I just installed FreeBSD 8.2 and I'm trying to get everything working the way I want it to.  I installed xorg and xfce4 from ports, and I've enabled dbus and hald in my rc.conf.  The user I'm using is in both the wheel and operator groups.

My first problem is I can't mount any drives with thunar.  I get the following error: 


```
DBus error org.gtk.Private.RemoteVolumeMonitor.Failed: An operation is already pending.
```

Actually, be more specific this is when I click on the drive I want to mount a second time.  The first time it just hangs, and the CPU fans turn on like it's trying to do something.

My second problem is the shutdown and restart buttons are grayed out when I try to log off.  I know for a fact dbus is running.  I'm wondering if maybe I could have accidentally checked or unchecked a setting I should have when installing. 

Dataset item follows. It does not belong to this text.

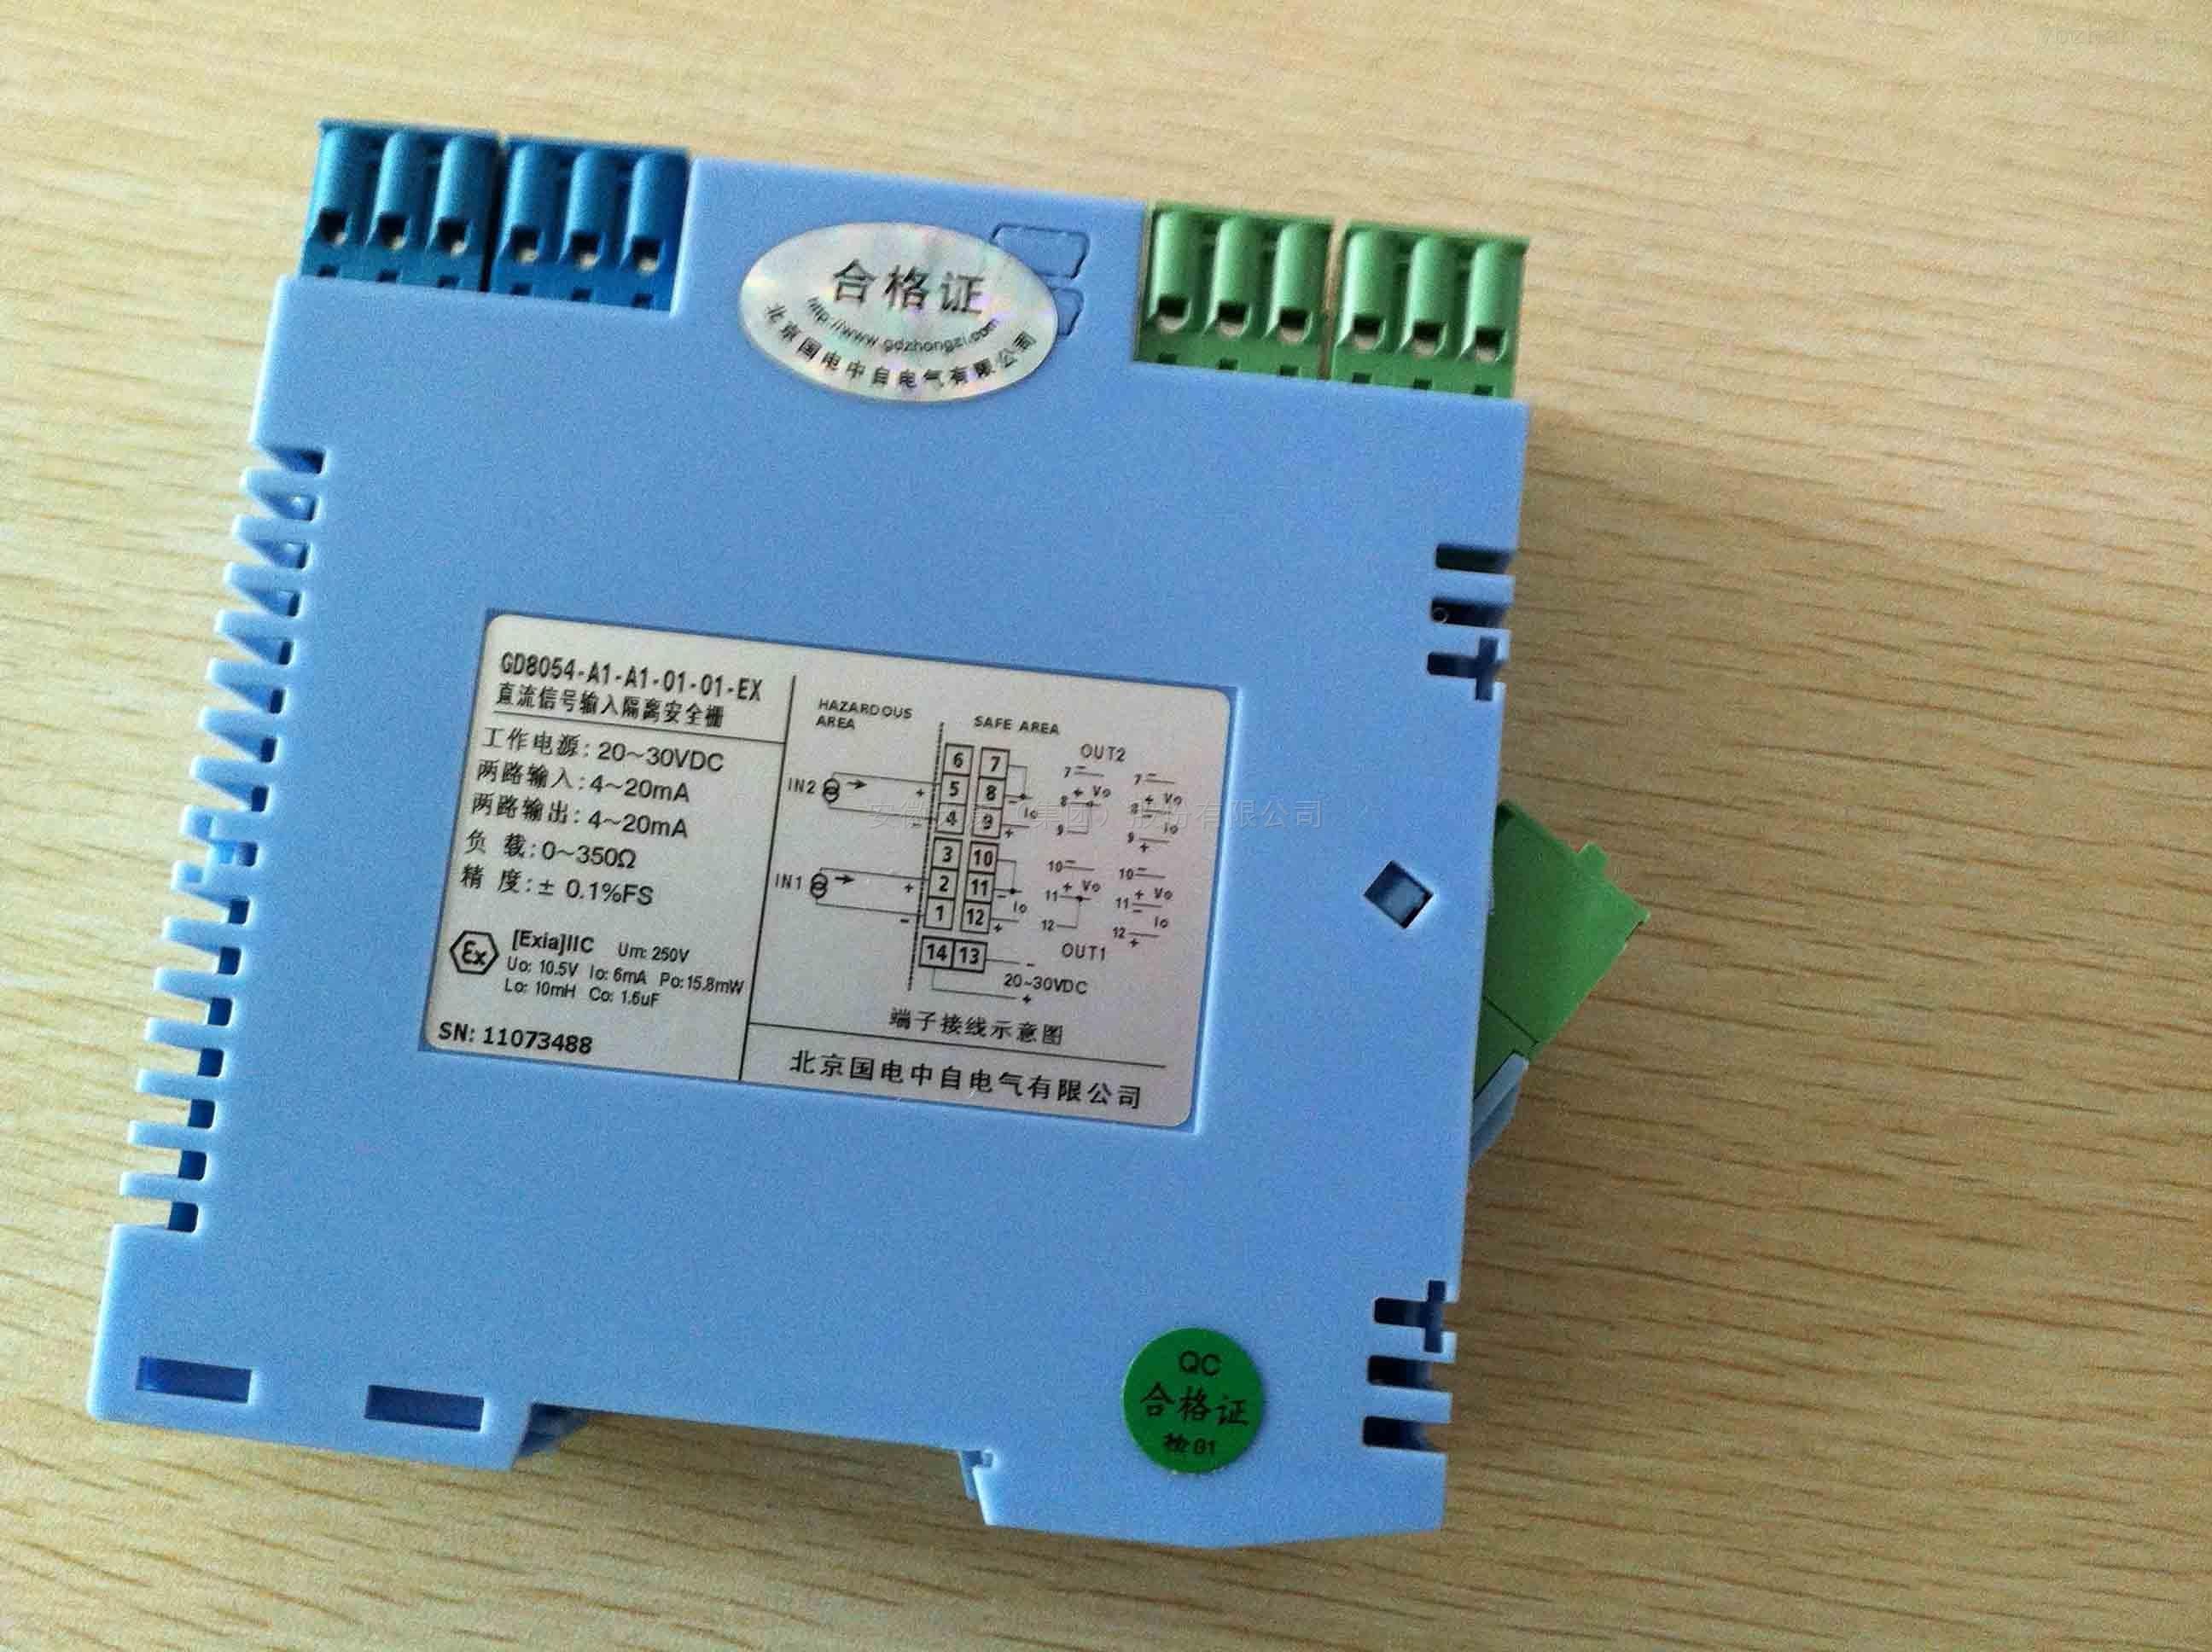 gd8083-ex gd8083-ex型隔离式安全栅

For the record I've gotten everything working before, the difference being I was using pkg_add to install everything.


----------



## wblock@ (Sep 6, 2011)

Don't know about mounting stuff with Thunar, have never tried it.

For the second problem, see /usr/ports/x11-wm/xfce4-session/pkg-message.


----------



## xeemo (Sep 6, 2011)

wblock said:
			
		

> Don't know about mounting stuff with Thunar, have never tried it.
> 
> For the second problem, see /usr/ports/x11-wm/xfce4-session/pkg-message.



Still no dice.  I read the pkg-message very carefully and added the specific file and changed the group to a group I was in.

For the record I'm also not seeing the hibernate or sleep buttons when I press log out.  I was under the impression that you could see those by being in the wheel and operator group and having dbus and hald enabled alone.


----------



## wblock@ (Sep 6, 2011)

What version of xfce?  The newest ones do not use hal at all.

That pkg-message is supposed to be read after installing the port, when it has the correct paths substituted.  So really the file to be created is:
/usr/local/etc/polkit-1/localauthority/50-local.d/org.freedesktop.consolekit.pkla


----------



## xeemo (Sep 6, 2011)

wblock said:
			
		

> What version of xfce?  The newest ones do not use hal at all.
> 
> That pkg-message is supposed to be read after installing the port, when it has the correct paths substituted.  So really the file to be created is:
> /usr/local/etc/polkit-1/localauthority/50-local.d/org.freedesktop.consolekit.pkla




It's xfce4.  I'm using hal for my mouse though.  I was using a different setup when I installed everything last time and I'm not sure if I was using hal.  Is there any chance that could be interfering and making dbus hang when I try to mount something with Thunar?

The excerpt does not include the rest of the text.